Their Primarch could marry anyone, whether a woman from the slums, from a noble house, or even from another empire. The Wargraves didn’t care. They believed that their bloodline overshadowed any blood it mixed with.
And they ensured that no drama from the Primarch’s wife’s lineage would ever interfere with the sacred traditions of the family.
’I wonder how Mother is doing. Is she happy now that her wish has been fulfilled? Is she watching us from beyond? Or is she merely asleep?’ Wuthenya wondered, a soft, nostalgic smile curving her lips.
As the first daughter of the Wargrave lineage, she had always shared a unique and cherished bond with Lily. When her mother died giving birth to Asher, Wuthenya couldn’t believe it. She believed, no, she was certain, that something unnatural had occurred. Some ability. Some trick. Some foul play.
Even after Azeron, her father, assured her there was no such interference, she refused to accept it. How could a woman that strong, that invincible, die from childbirth?
She had turned the Empire upside down in her search for the truth, anything that could explain, anything that could ease the void within her.
But deep down, she had known. There was no force at play.
She had simply been denying reality, for there were no enemies left upon which she could project her anguish.
The Wargrave family, in the meantime, spent that entire period grieving and cleaning up the chaos Wuthenya had caused. If a situation turned volatile and someone raised complaints, they threw gold coins at the problem to silence it.
If someone wanted more than coin, they negotiated.
And if someone tried to exploit the tragedy for personal gain, they were wiped from existence without hesitation.
Months passed, and eventually, Wuthenya calmed. She accepted the harsh truth and grounded herself once more.
Now, as she sat quietly with her melancholic expression, the memories of her time with Lily lingered like gentle shadows, wrapping around her thoughts.
’I will ascend to the heights you once stood upon, Mother,’ Wuthenya vowed silently.
Though she uttered those words with conviction, she was already nearly there. Just two Life Ranks away.
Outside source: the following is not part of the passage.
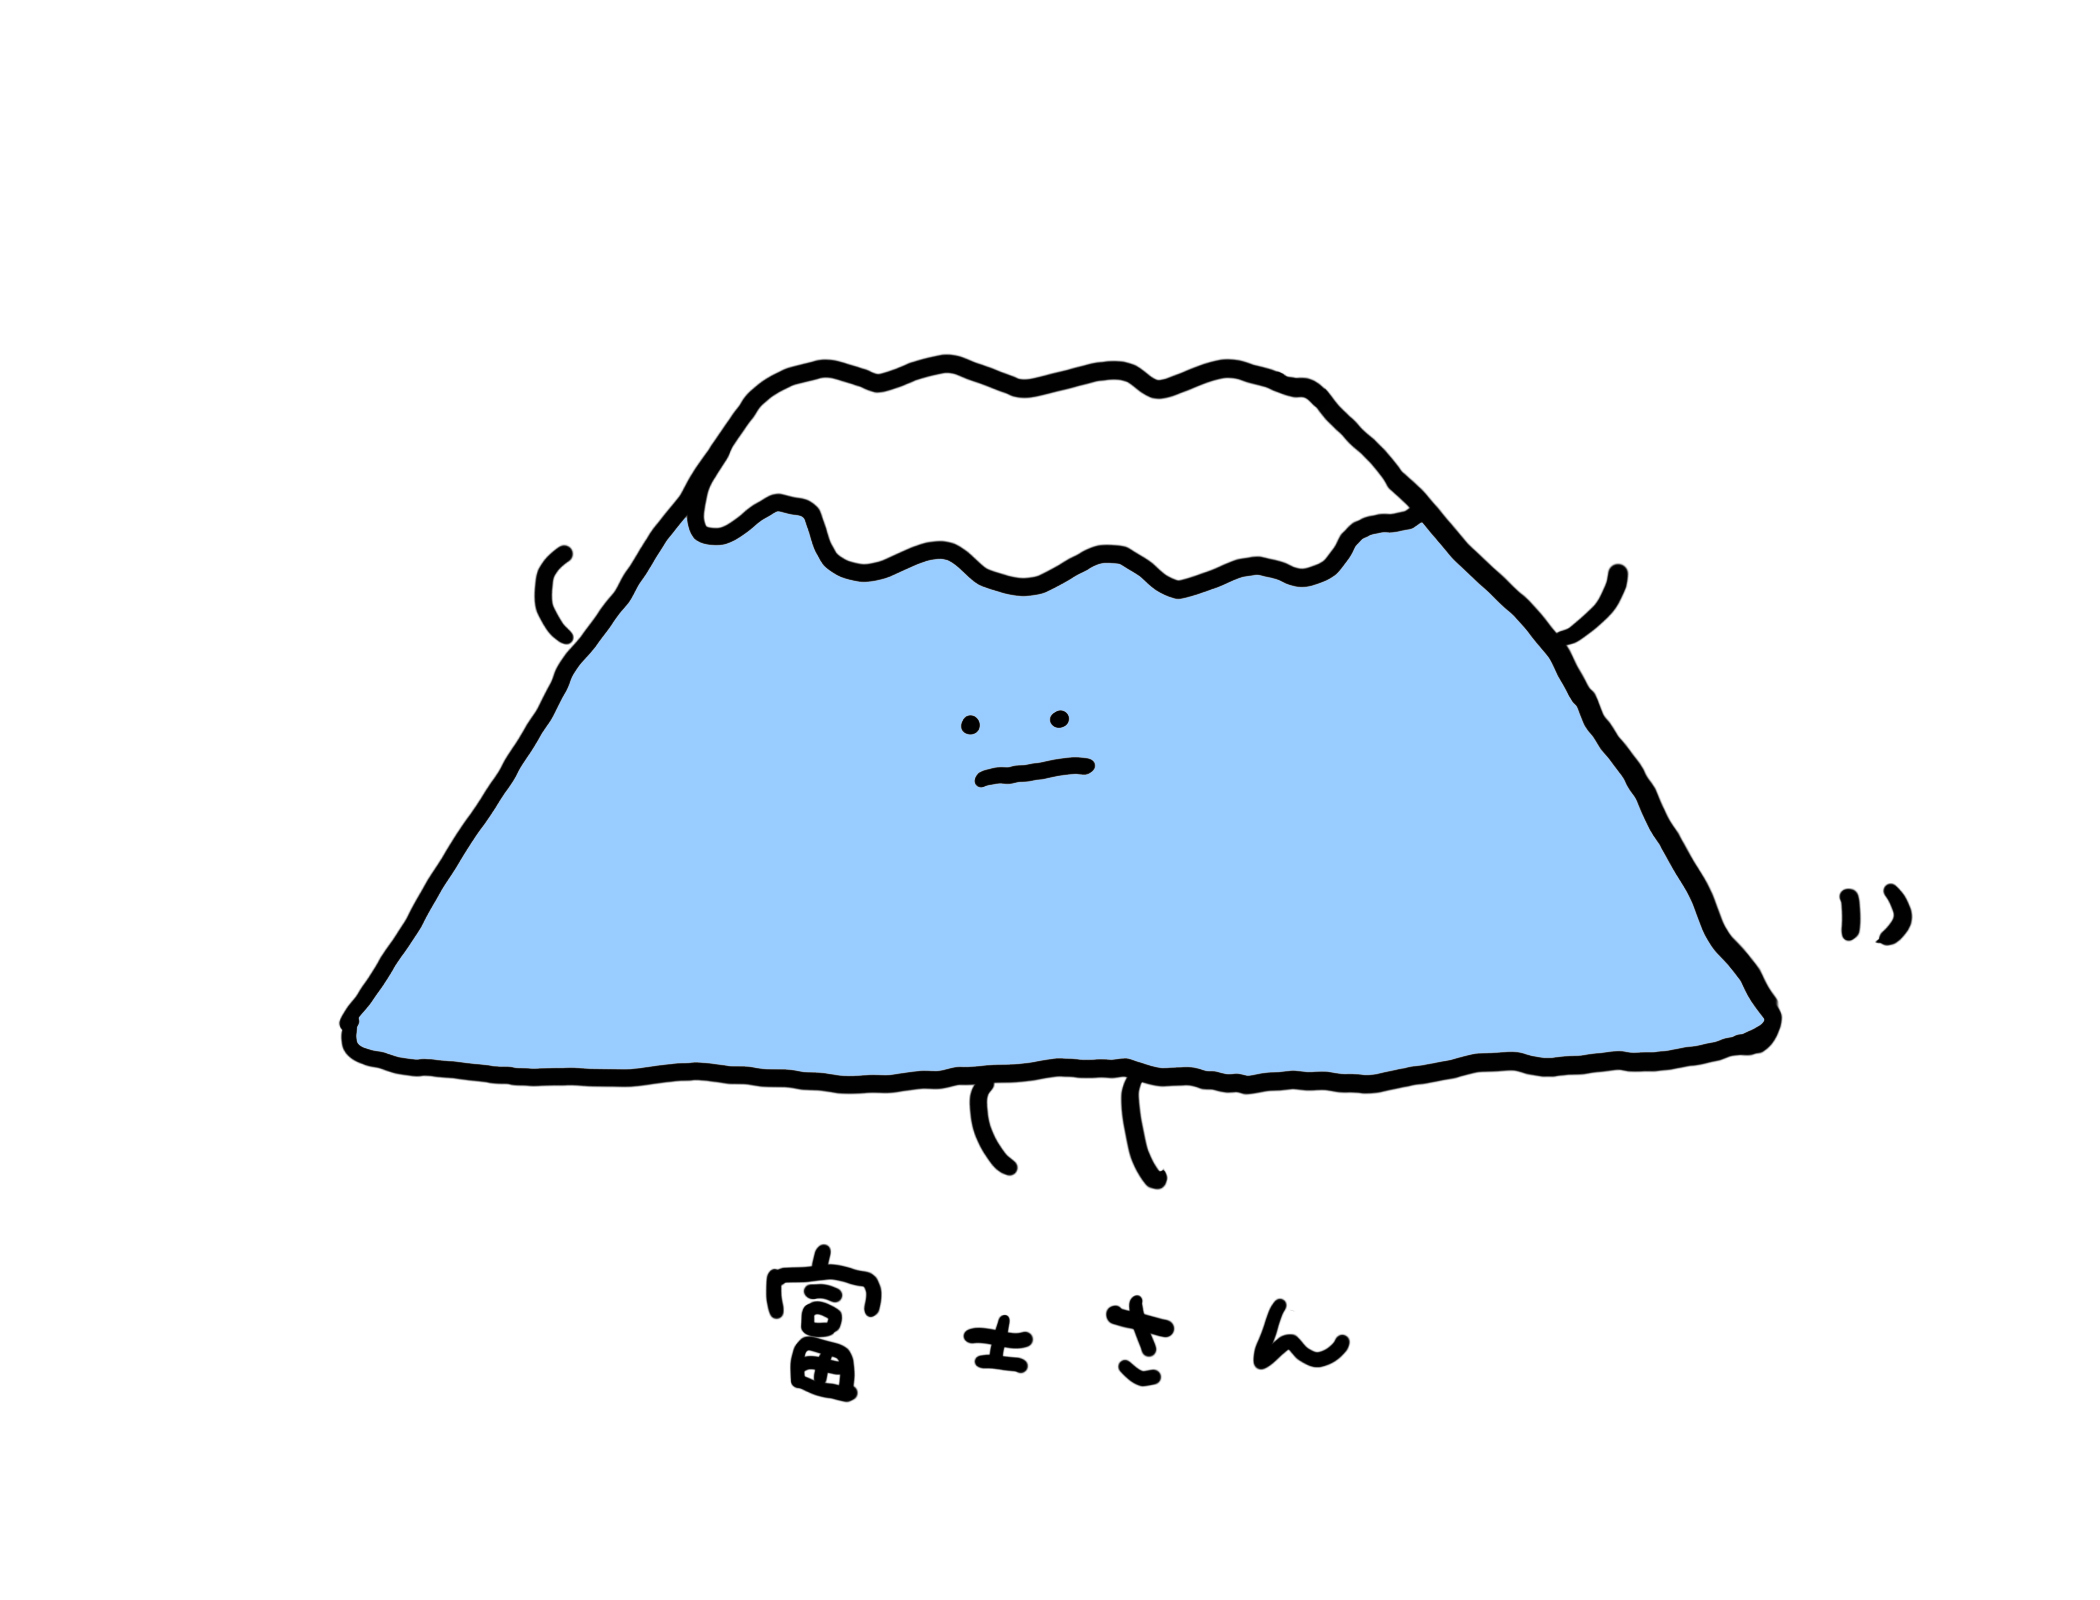 ハム 今日から人気絵師になるためにイラスト を投稿していきます 第1弾は 土曜日 雨なのに行ってしまったがために何もできなかった富士qへの恨み をかわいい富士山に込めました T Co Sgwi3gvpkx Twitter

But, she understood better than anyone, those two Life Ranks could be an unbridgeable chasm.
Before Lily of the Abyss died, she had attained the rare and awe inspiring rank of Dust Crownstar, a title few in history had ever held.
A commoner reaching such power was as rare as phoenix feathers. Lily of the Abyss had stood proudly among the apex of the world’s most powerful.
But Wuthenya was not far behind.
She now stood at the Spark Voidstar Life Rank, and with such power, only a select few across the Empire dared meet her gaze directly.
Sometimes, she found herself wondering just how strong her elder brother, Malrik, truly was.
They were both geniuses, equally talented in their youth. But Malrik always seemed... inhuman. As though his existence defied logic. Though he was older, and naturally should be stronger, the gap between them was simply too vast.